WC Appellate Division Decision issued on May 31, 2017 – Voc Rehab Plan

In Richards v. D.P. Industries, Inc., Me. W.C.B. No. 17-24 (App. Div. 2017), the employee sustained a compensable injury in 2001 which resulted in significant continuing work restrictions. Ultimately a vocational rehabilitation plan was prepared by a representative of the Department of Labor’s Division of Rehabilitation Services in November 2014. The employer did not agree to pay for the cost of the plan, which were in the amount of $8,918.00. As a result, the employee filed a Petition to Determine Entitlement to Rehabilitation Services pursuant to §217(2) seeking payment of that amount.

However, in testimony before the Hearing Officer (the Petition was assigned to Hearing Officer Richard Dunn rather than an ALJ) the employee stated that his actual expenses were $15,000.00 and submitted documentary evidence in support. The Hearing Officer granted the Petition but only to the extent of the requested amount of $8,918.00. The employee filed a Motion for Findings and a Motion to Reopen the Evidence. The Hearing Officer affirmed his initial decision and declined to re-open the matter.

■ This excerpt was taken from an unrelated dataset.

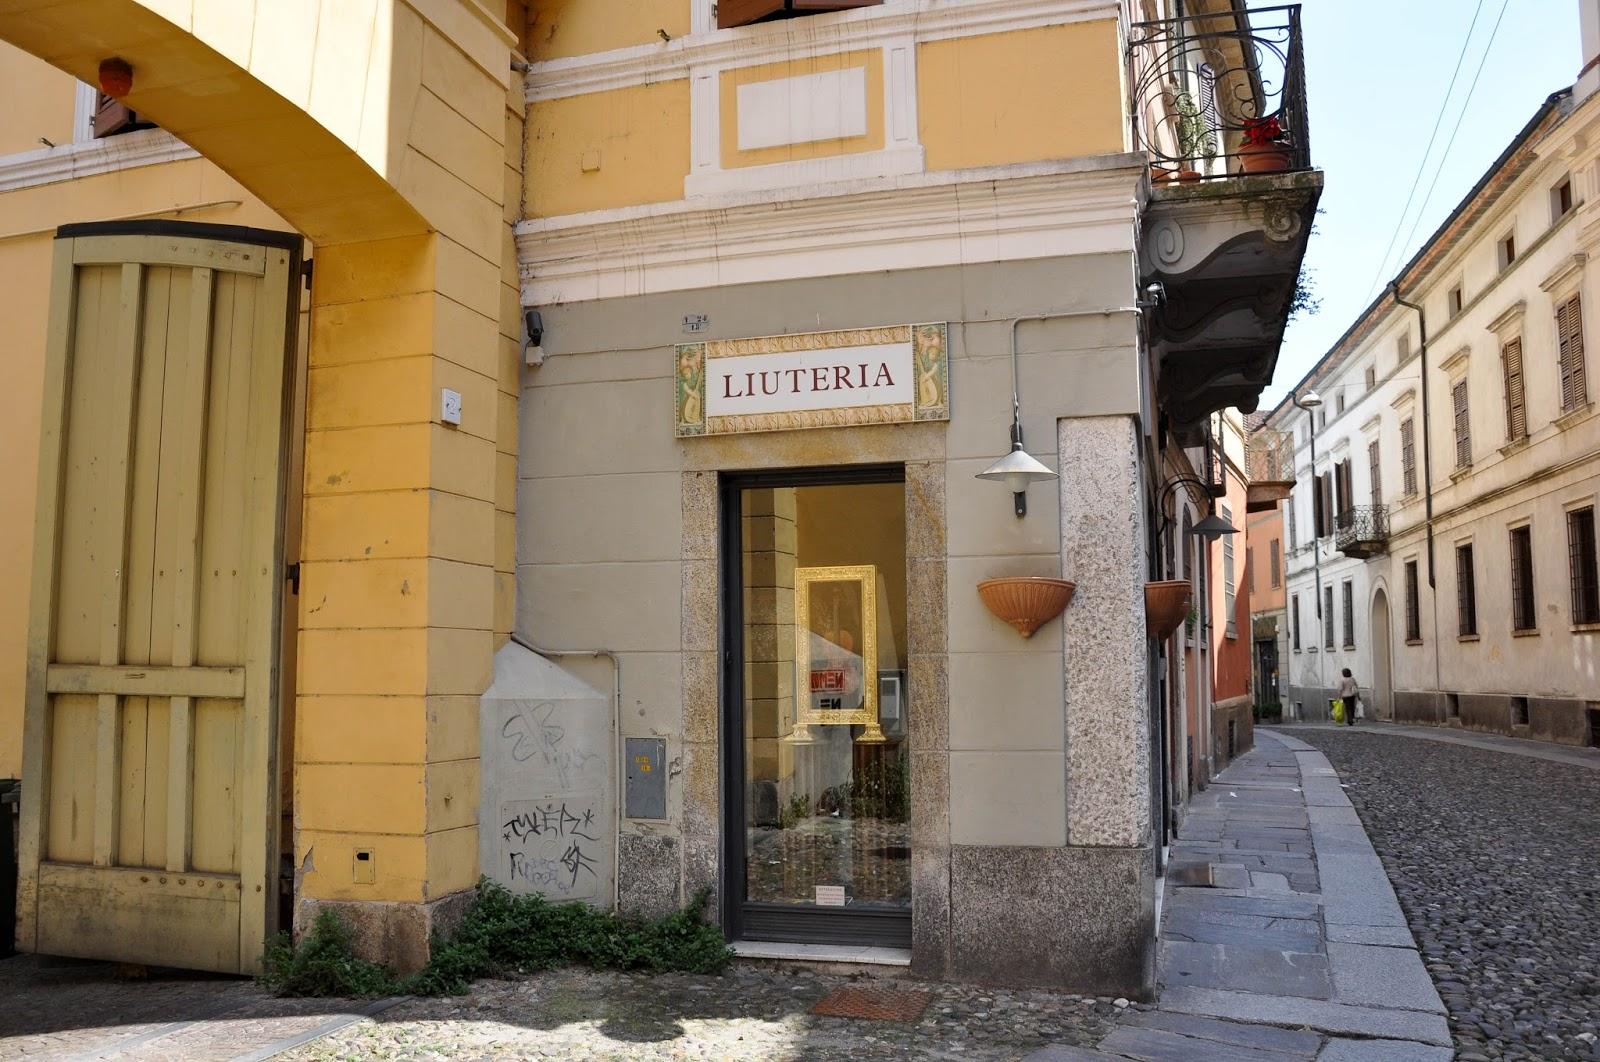 Liuteria, Cremona, Italy
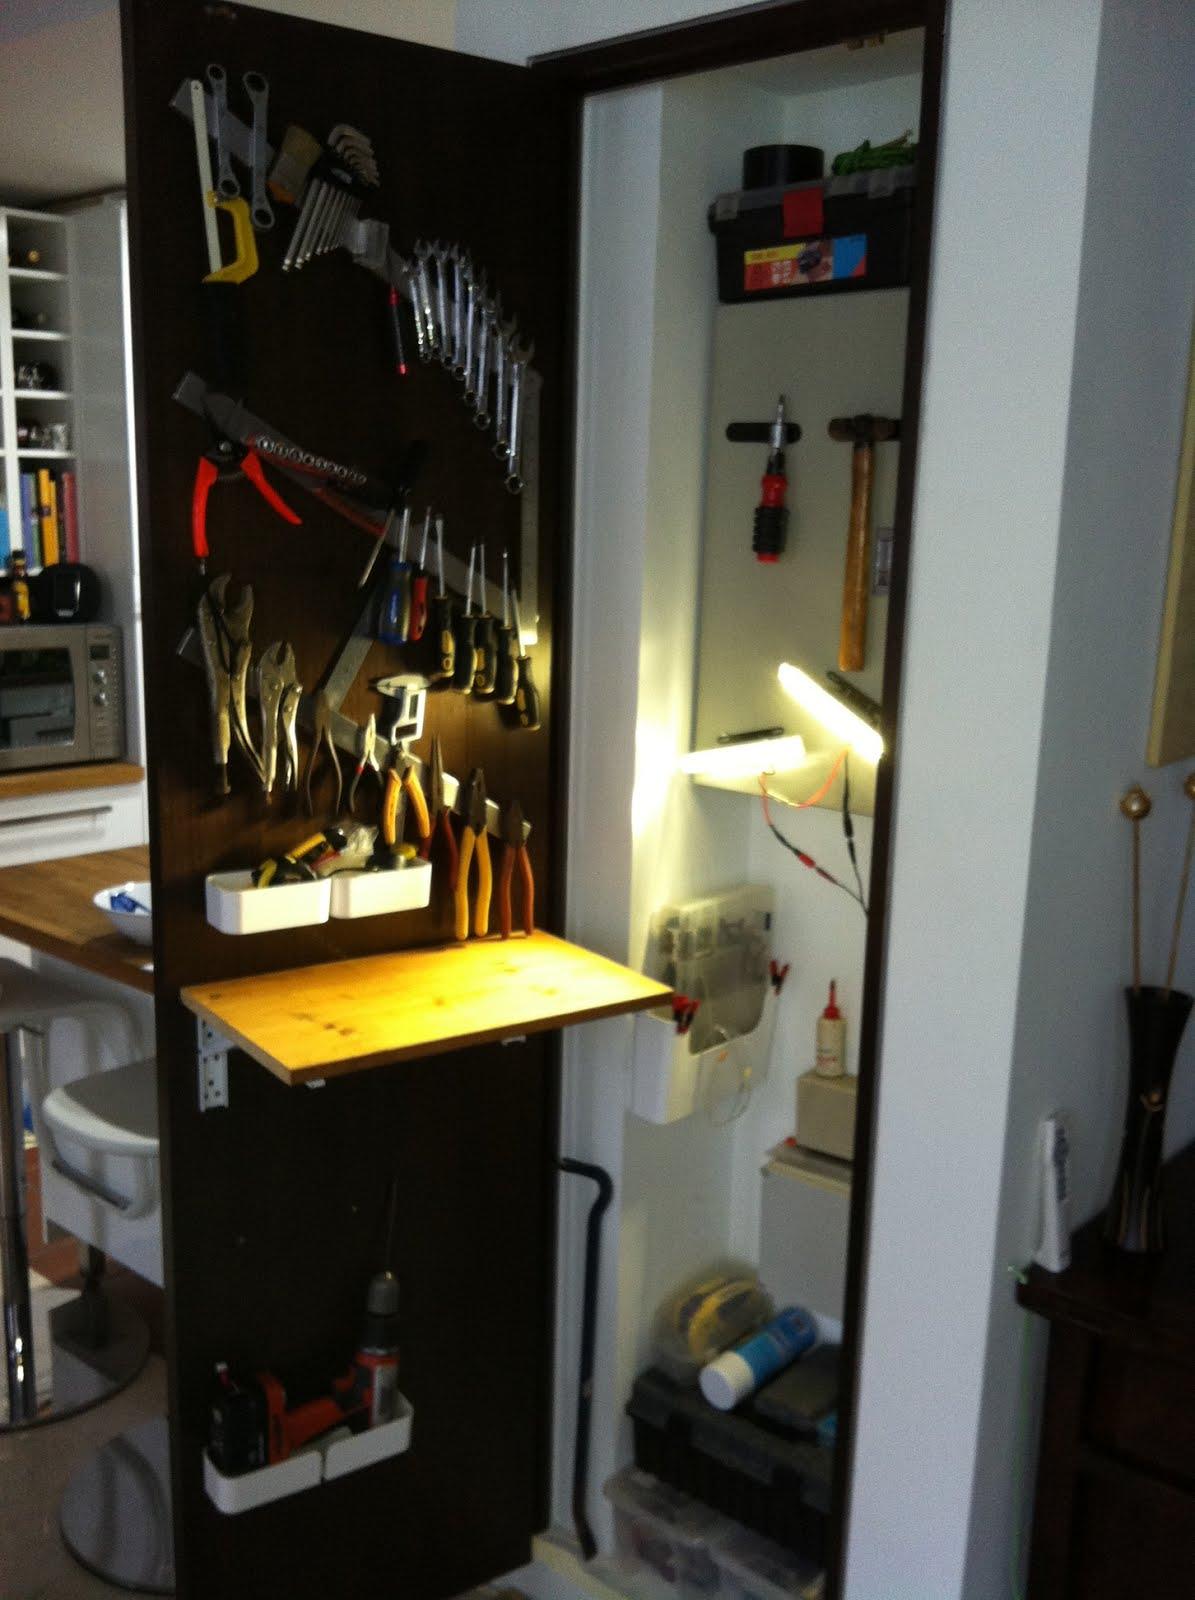 Closet Toolshed Ikea Hackers

The Appellate Division affirmed every aspect of the Hearing Officer’s decision. Noting that the employee had requested payment of $8,918.00 in his Petition, which was the estimated cost of the voc rehab plan at the time of filing, the Division found no error in awarding the employee exactly what had been claimed.

The Division also approved the denial of the employee’s Motion to Reopen the Evidence. Section 319 allows the Board to reopen the evidence in a proceeding “on the grounds of newly discovered evidence that by due diligence could not have been discovered prior to the time the payment scheme was initiated or prior to the hearing on which the award or decree was based”. The panel observed that the employee might have filed his Petition to Determine Entitlement to Rehabilitation Services too soon, as the total cost of the plan had apparently not yet crystalized prior to the time of filing. Nevertheless, the statutory requirements of §319 had not been met, and the possible premature filing of the underlying Petition was not a basis to reopen the evidence.

Steve Hessert represented the employer at hearing and before the Division.